C’est l’époque où le gaullisme triomphant célèbre les technocrates. Jouvenel
ne peut que se réjouir de ce regain
d’influence des "experts", qui répond à
l’une des revendications des "non-conformistes"
de l’entre-deux-guerres.
Enfin, c’est dans le domaine de la prospective
que lui-même "vendra" sa
compétence, fondant en 1964 la revue
Futuribles.
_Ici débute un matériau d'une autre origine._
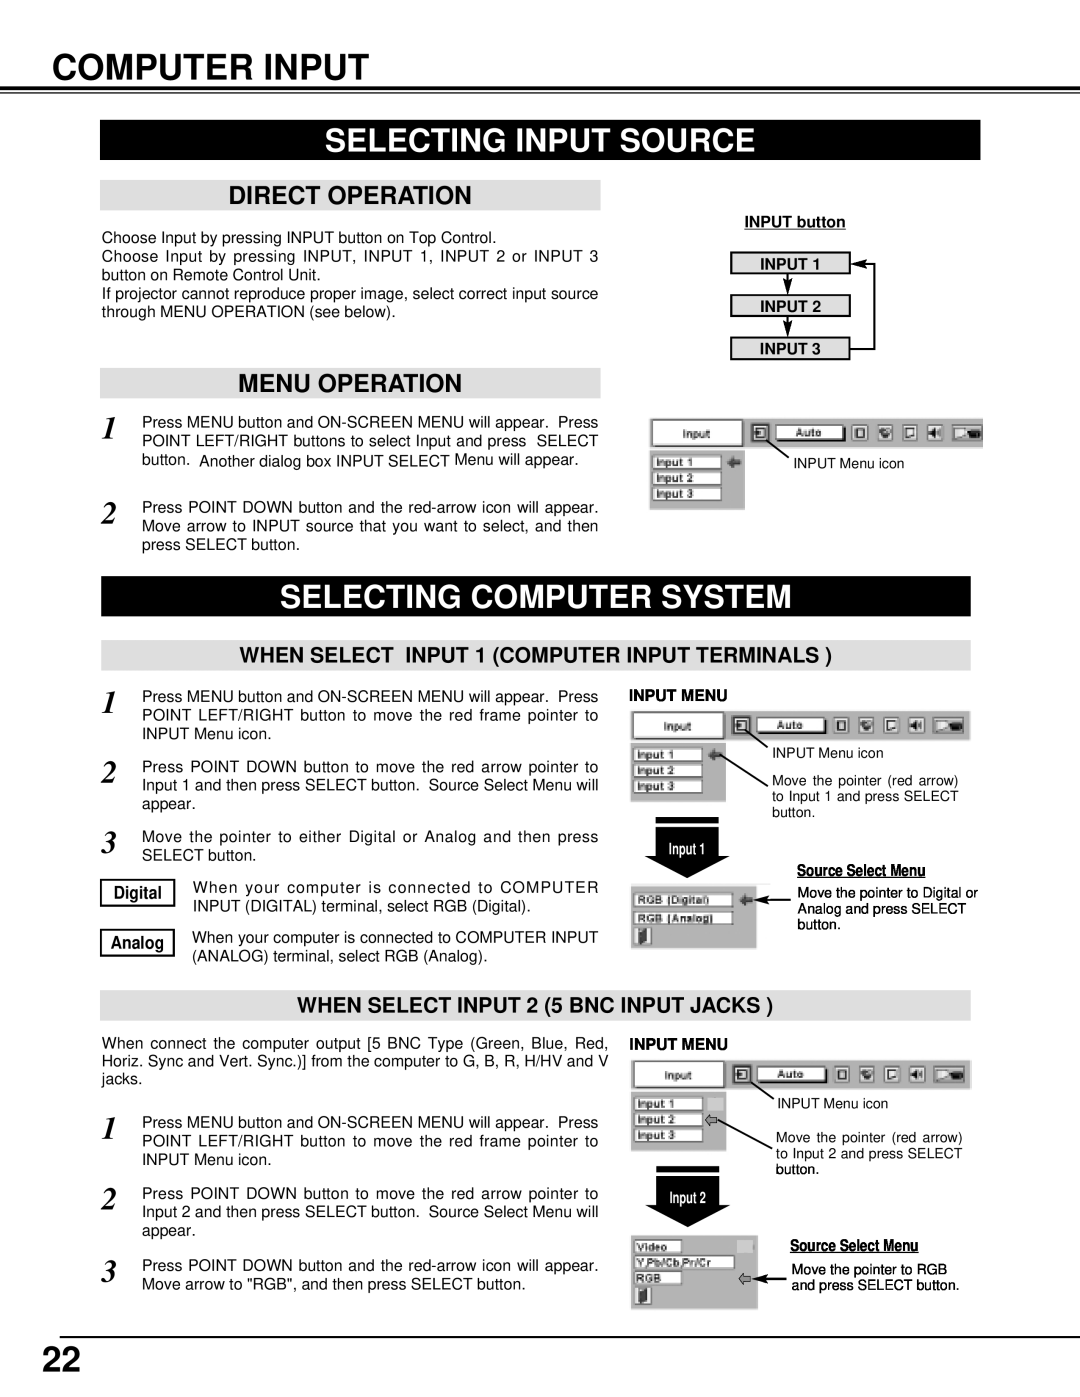 BOXLIGHT CINEMA 20HD Computer Input, Selecting Input Source, Selecting Computer System, Direct Operation, Menu Operation

Reste son combat contre le
productivisme, autre thème cher aux
"relèves" des années 1930, qui revient
à la mode à la fin des années 1960.
Cet appel au réveil d’une "conscience
écologique" sera l’ultime engagement
de cet homme qui aura contribué au
renouvellement des idées politiques.
Un bel exercice de généalogie intellectuelle. [ Notes de lectures de Georges Leroy - Rentrée littéraire 2008 ]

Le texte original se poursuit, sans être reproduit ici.